**EXERCISE OBJECTIVE**
The output should contain the listing word for word and no pictures.

**GIVEN DATA**
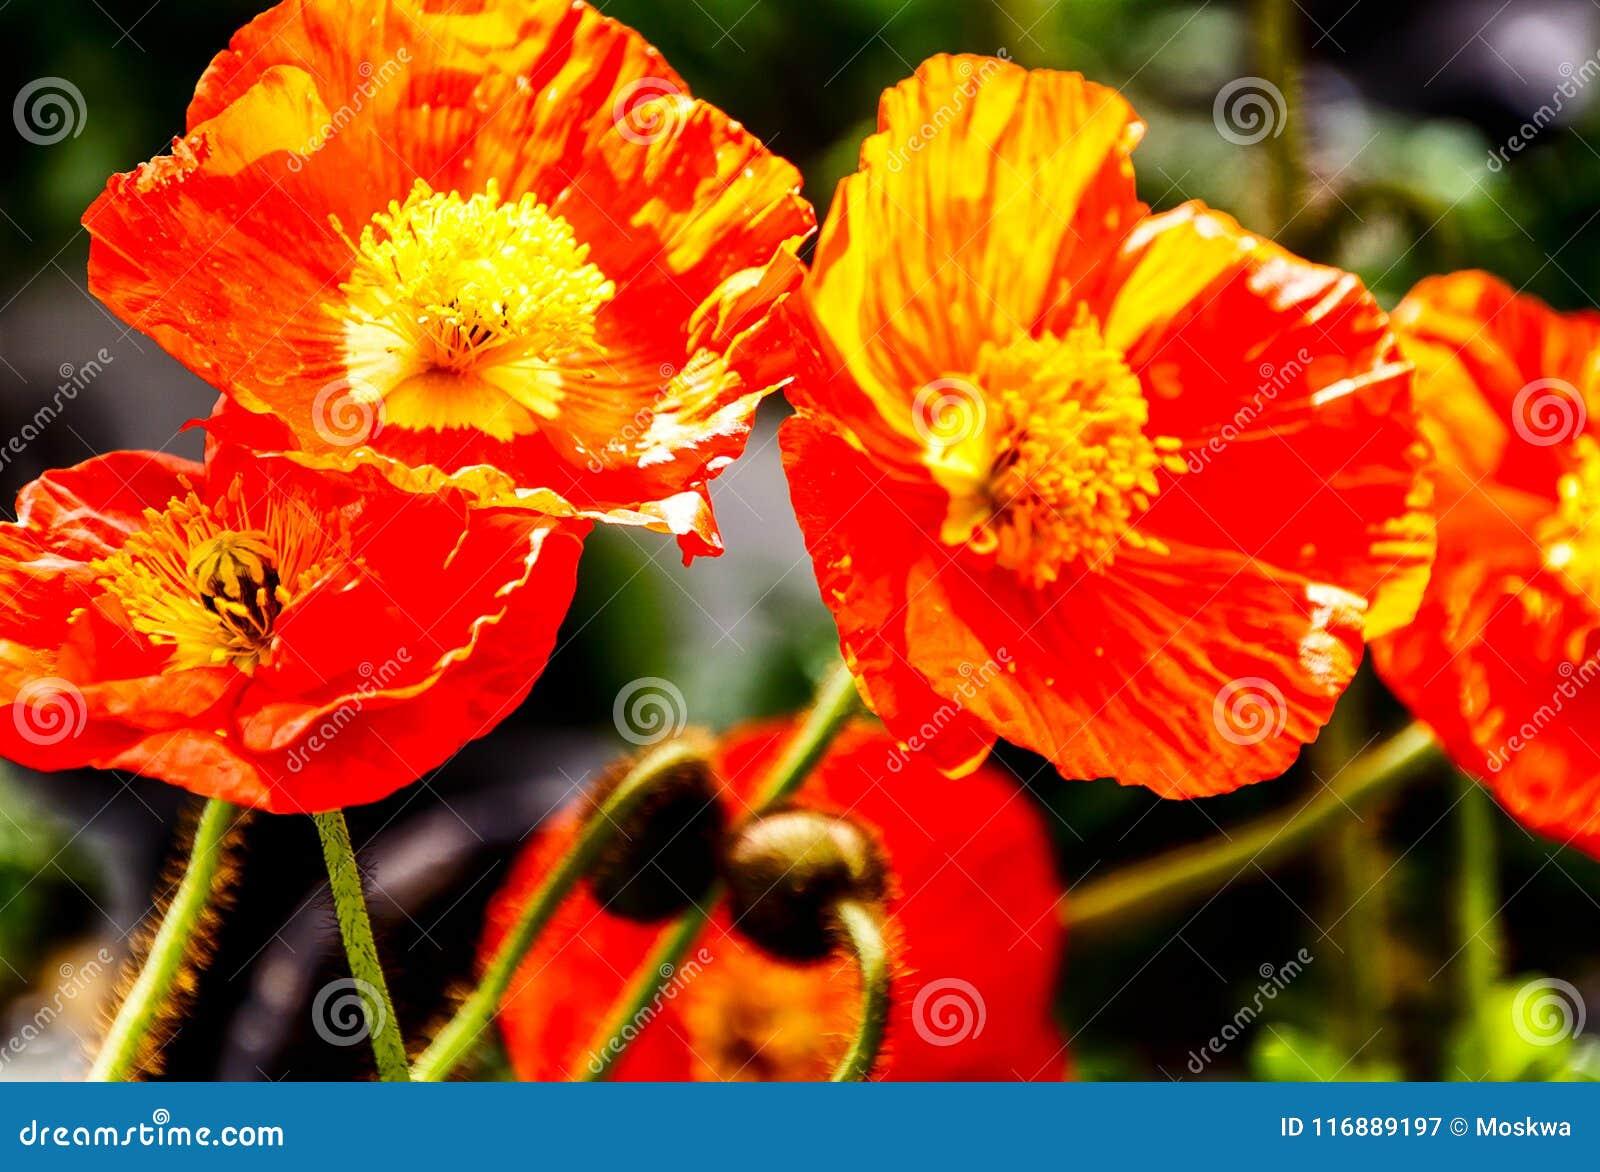 Papaver nudicaule the iceland poppy flowering plant stock image papaver nudicaule the iceland poppy flowering plant mightylinksfo
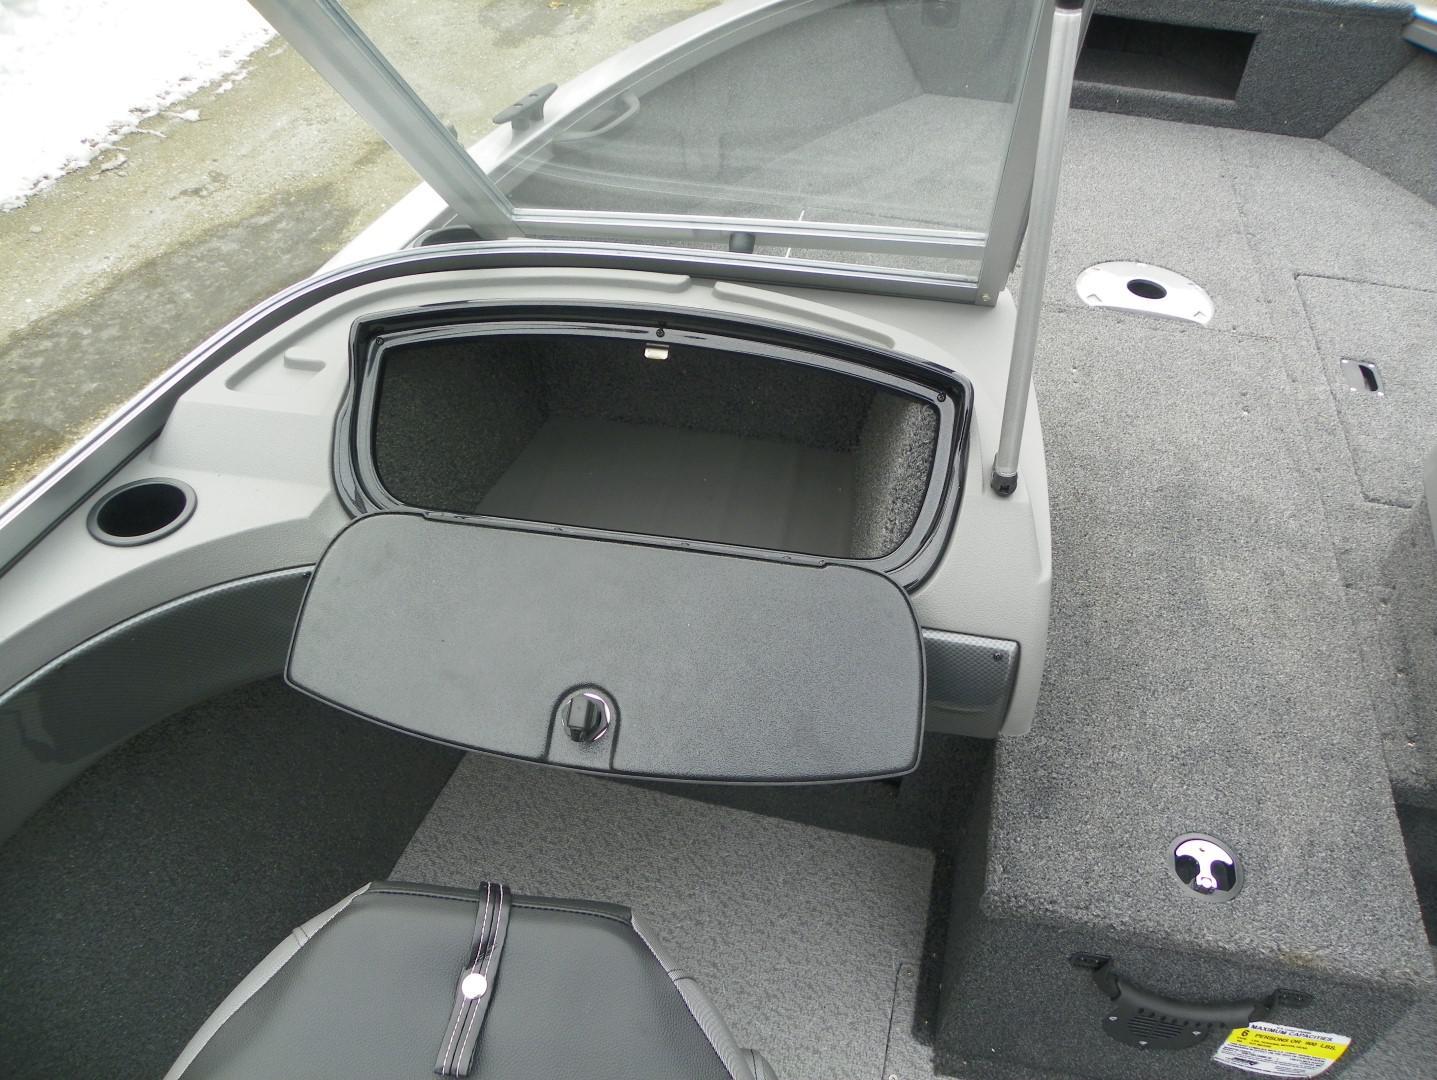 2019 Crestliner 1650 Fish Hawk SE WT W/ Mercury 60 for sale in
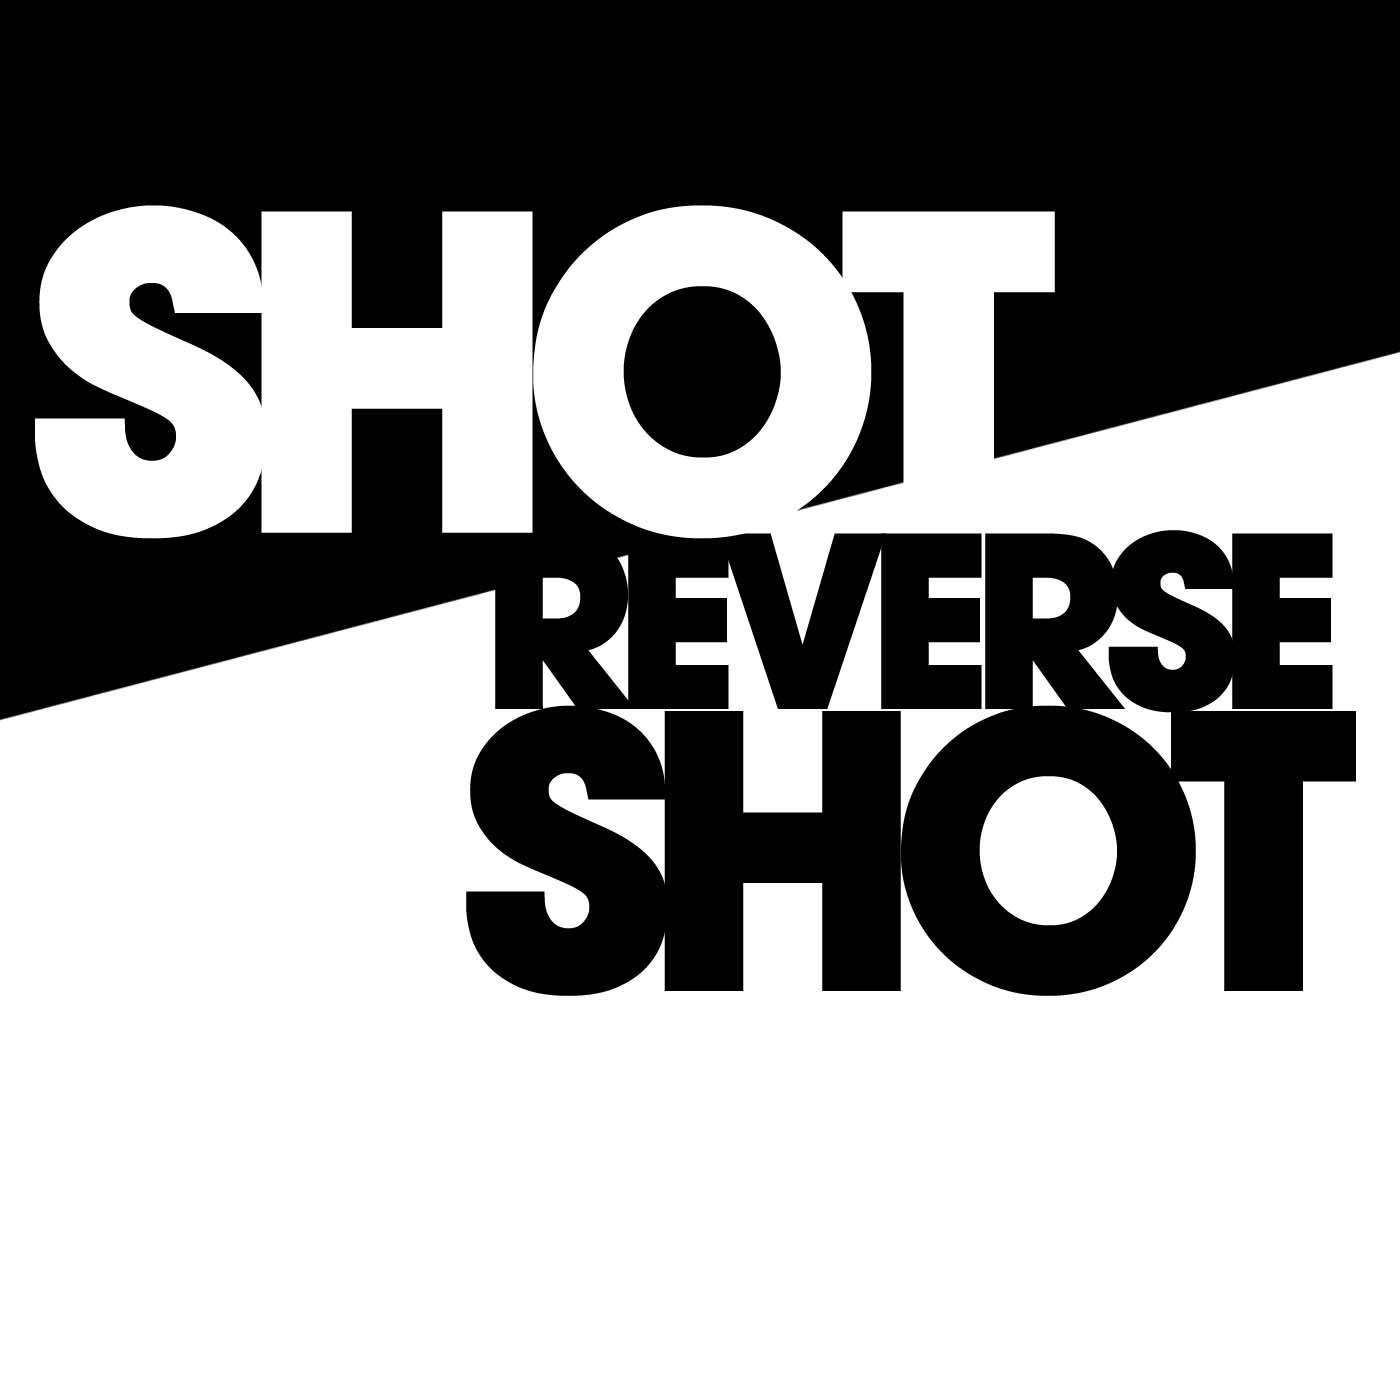 Shot/Reverse Shot

**ANSWER SECTION**
 Papaver nudicaule the iceland poppy flowering plant stock image papaver nudicaule the iceland poppy flowering plant mightylinksfo
 2019 Crestliner 1650 Fish Hawk SE WT W/ Mercury 60 for sale in
 Shot/Reverse Shot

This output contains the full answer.